▶ _WHAT IS REQUIRED_: Repeat nothing but the line that contains "8' Hand-crafted Monroe" and the lines after it, through the end of the listing, exactly as they stand; omit pictures.

*** Opening SUPPLIED MATERIAL ***

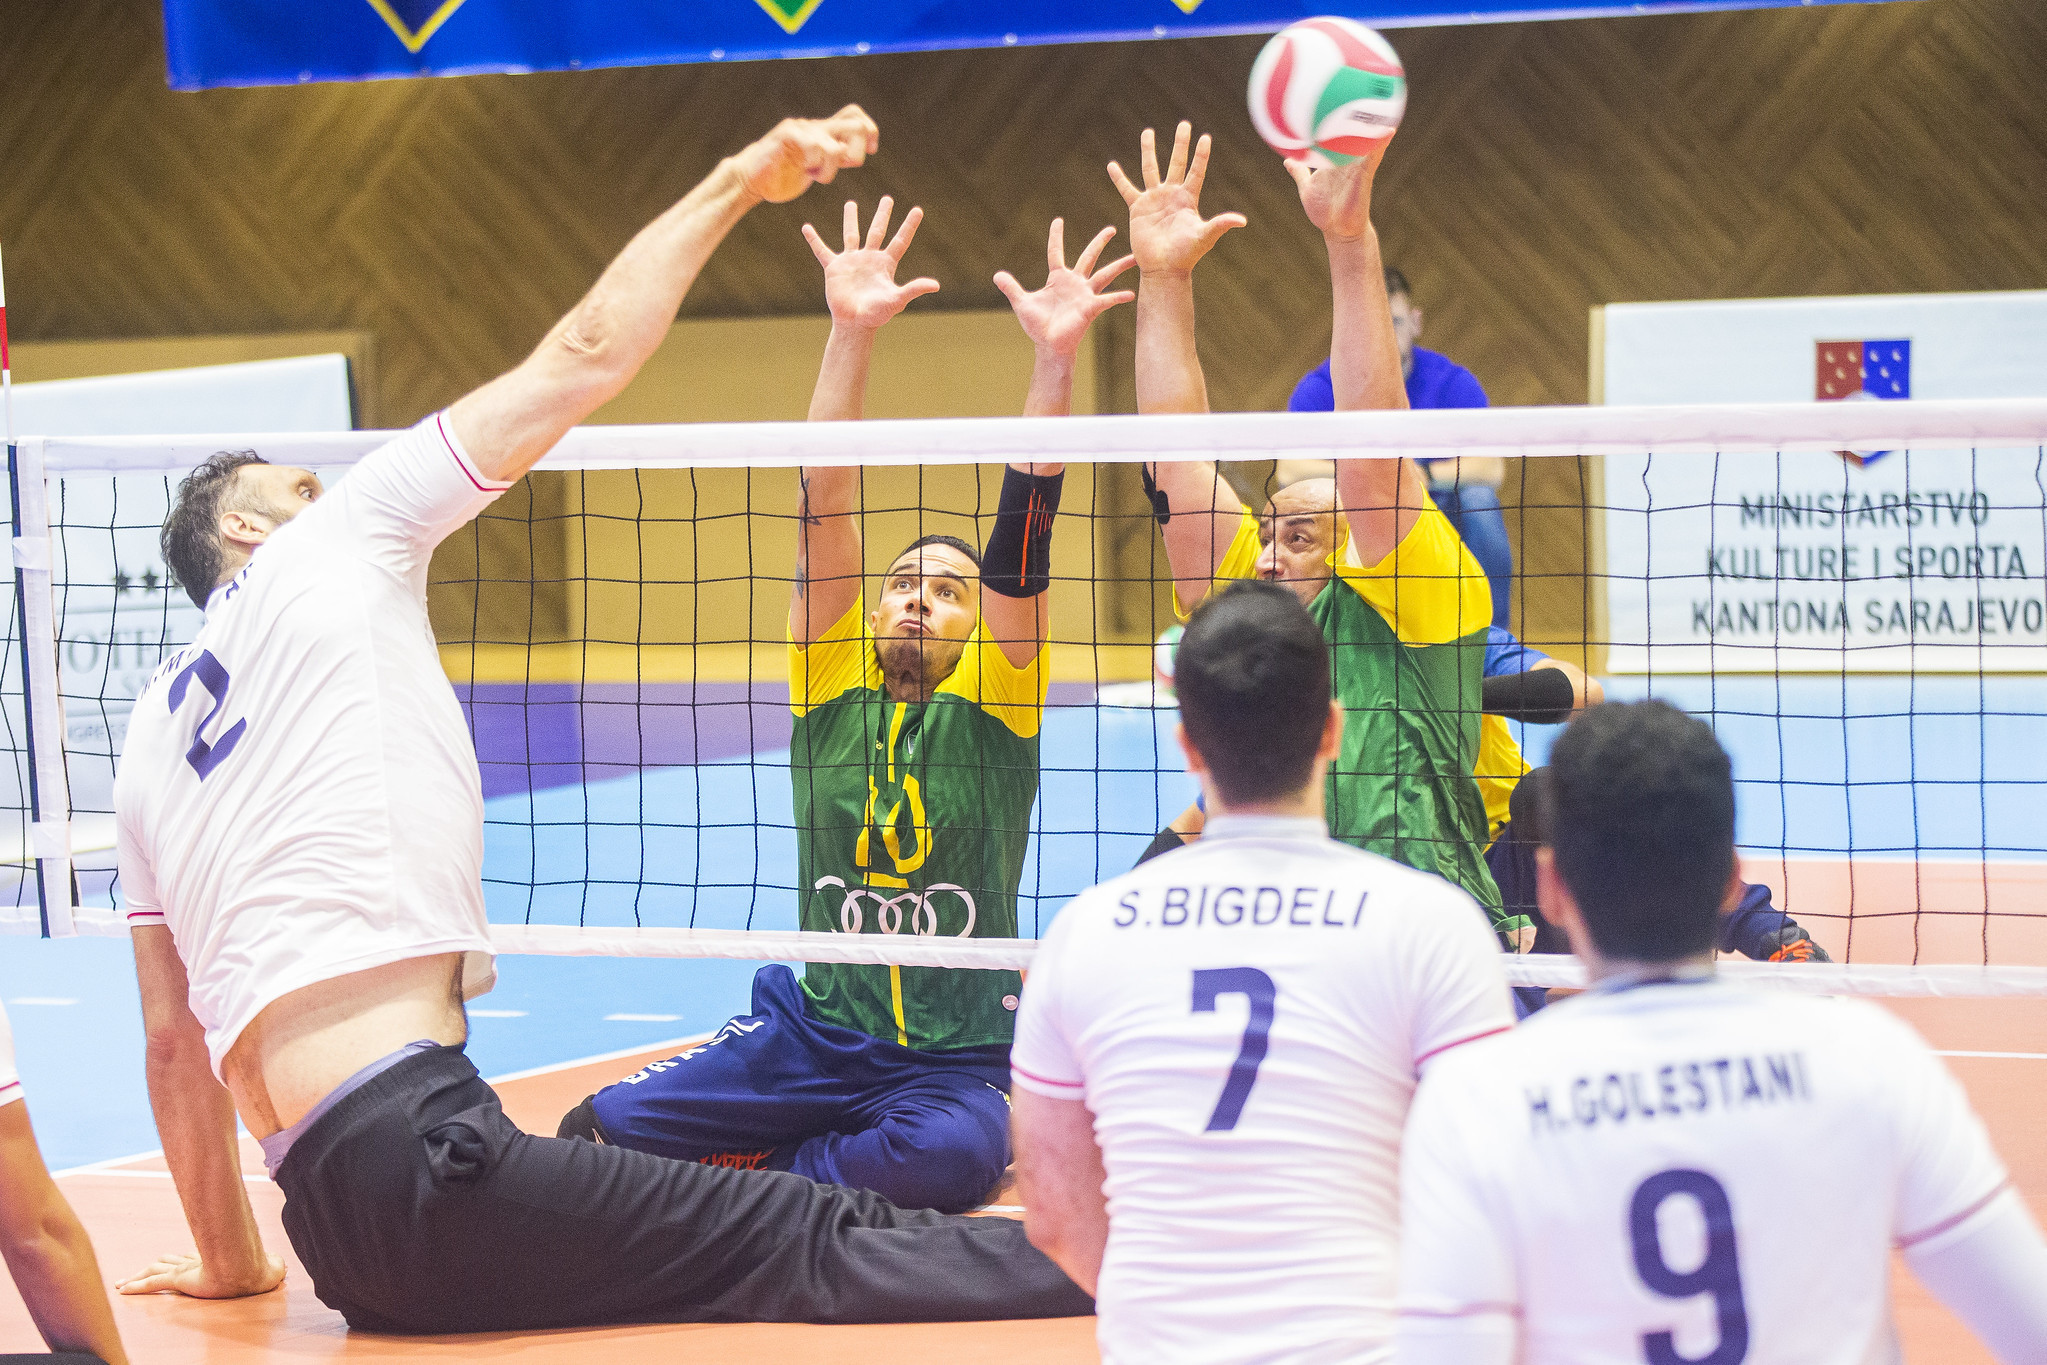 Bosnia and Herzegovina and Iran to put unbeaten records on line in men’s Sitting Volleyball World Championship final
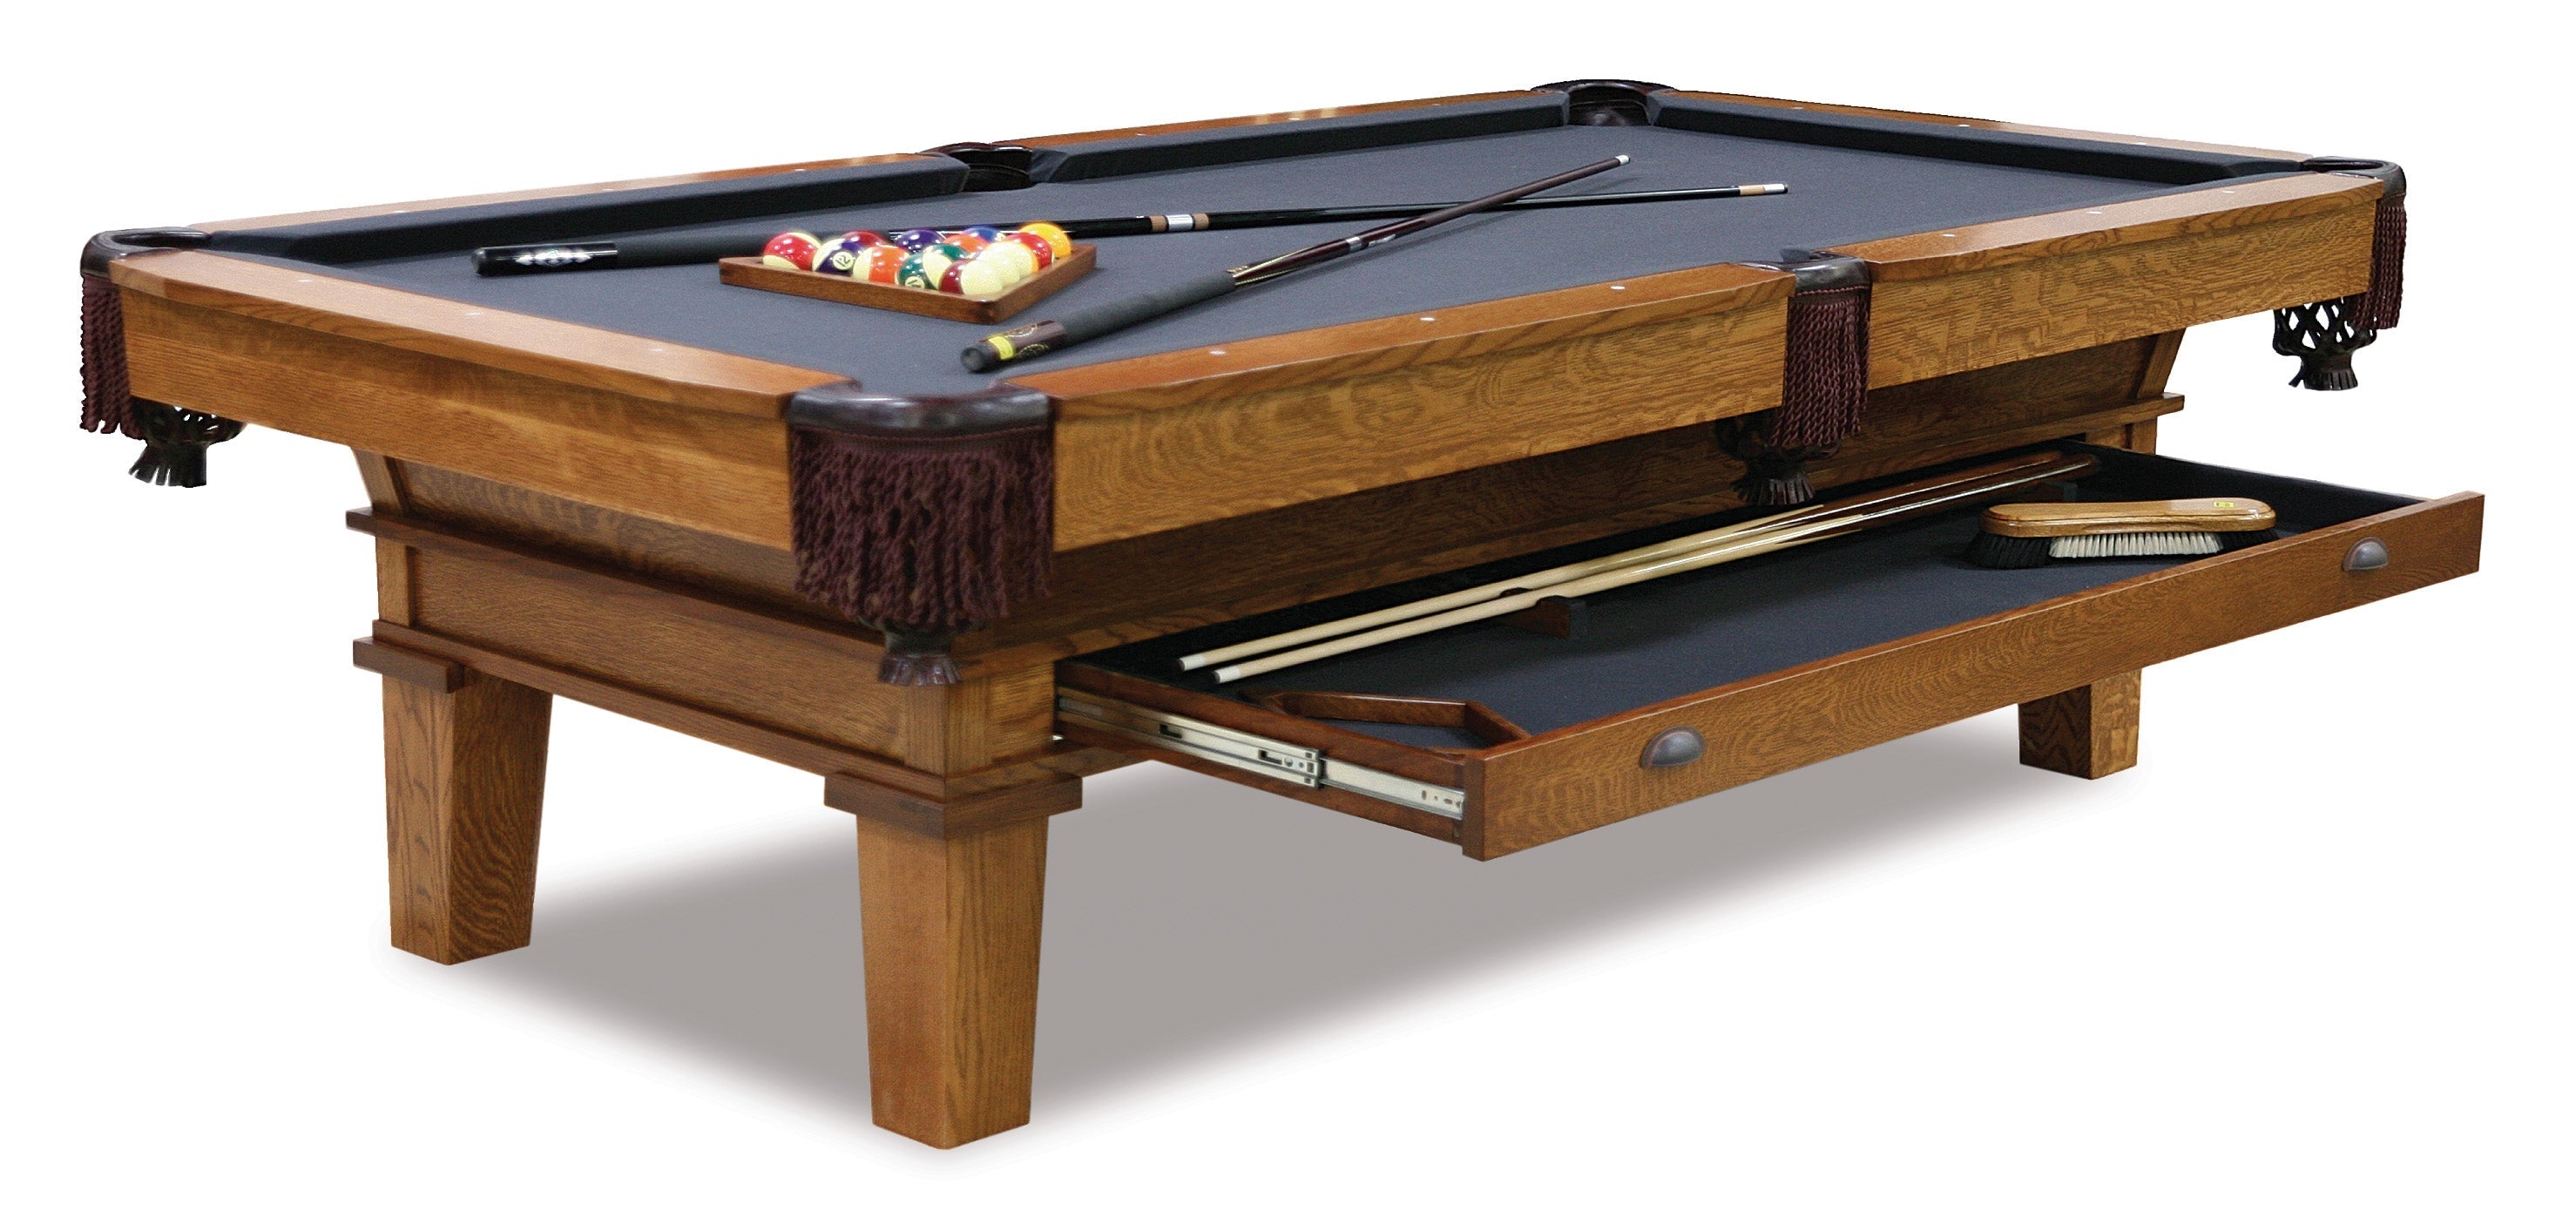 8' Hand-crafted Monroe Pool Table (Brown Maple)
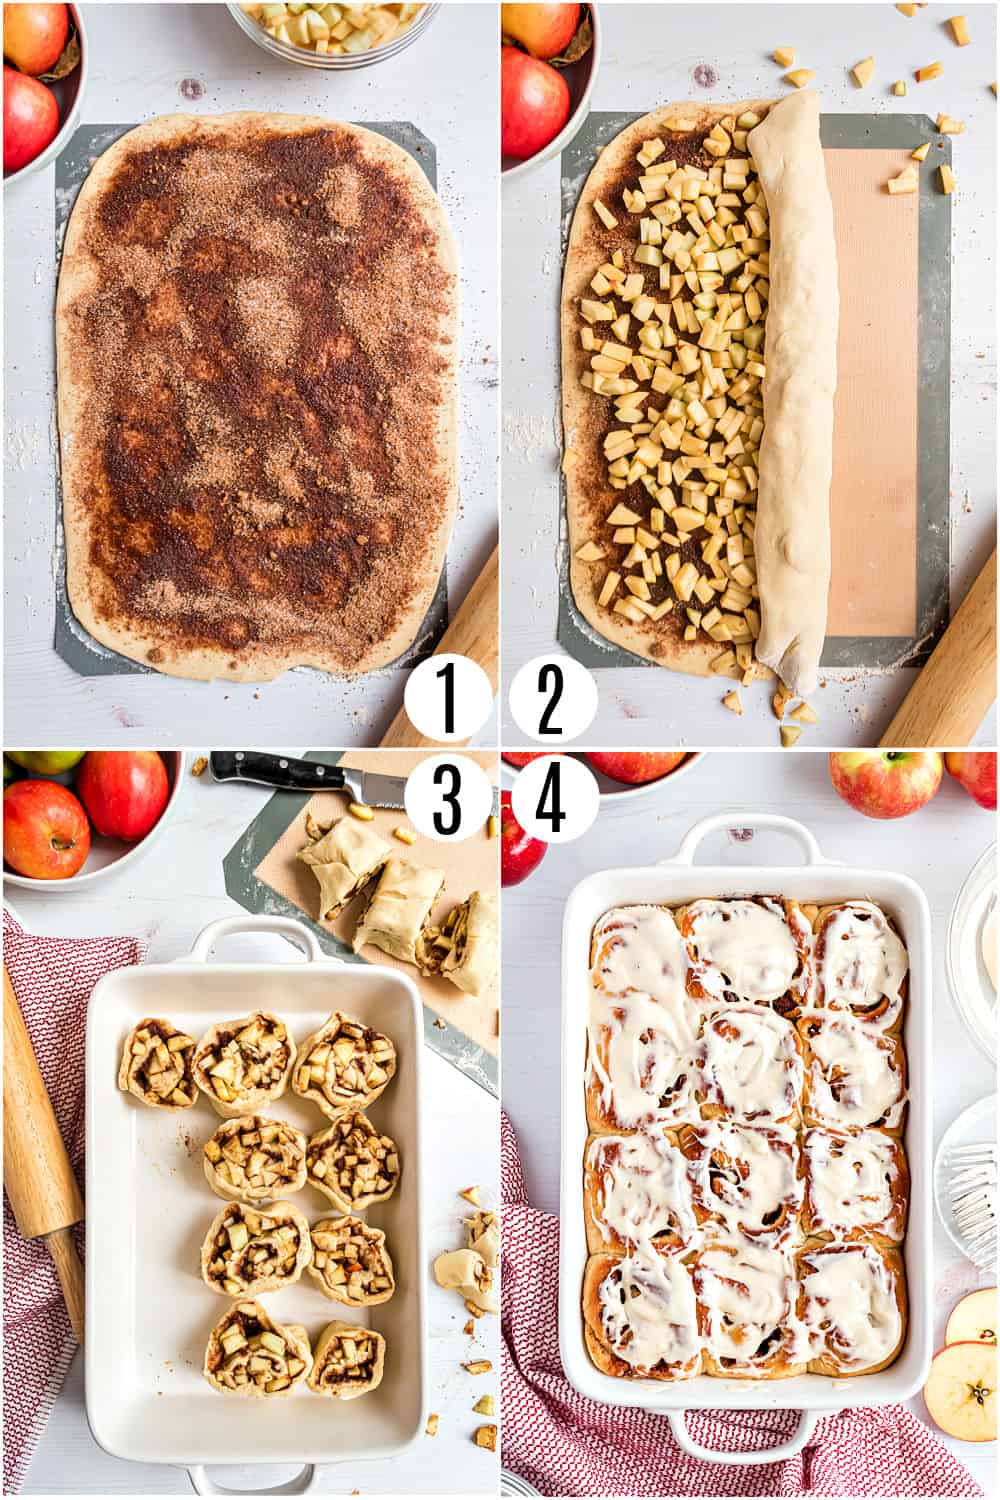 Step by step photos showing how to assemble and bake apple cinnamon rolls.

*** Closing SUPPLIED MATERIAL ***

▶ _RESPONSE_:
 8' Hand-crafted Monroe Pool Table (Brown Maple)
 Step by step photos showing how to assemble and bake apple cinnamon rolls.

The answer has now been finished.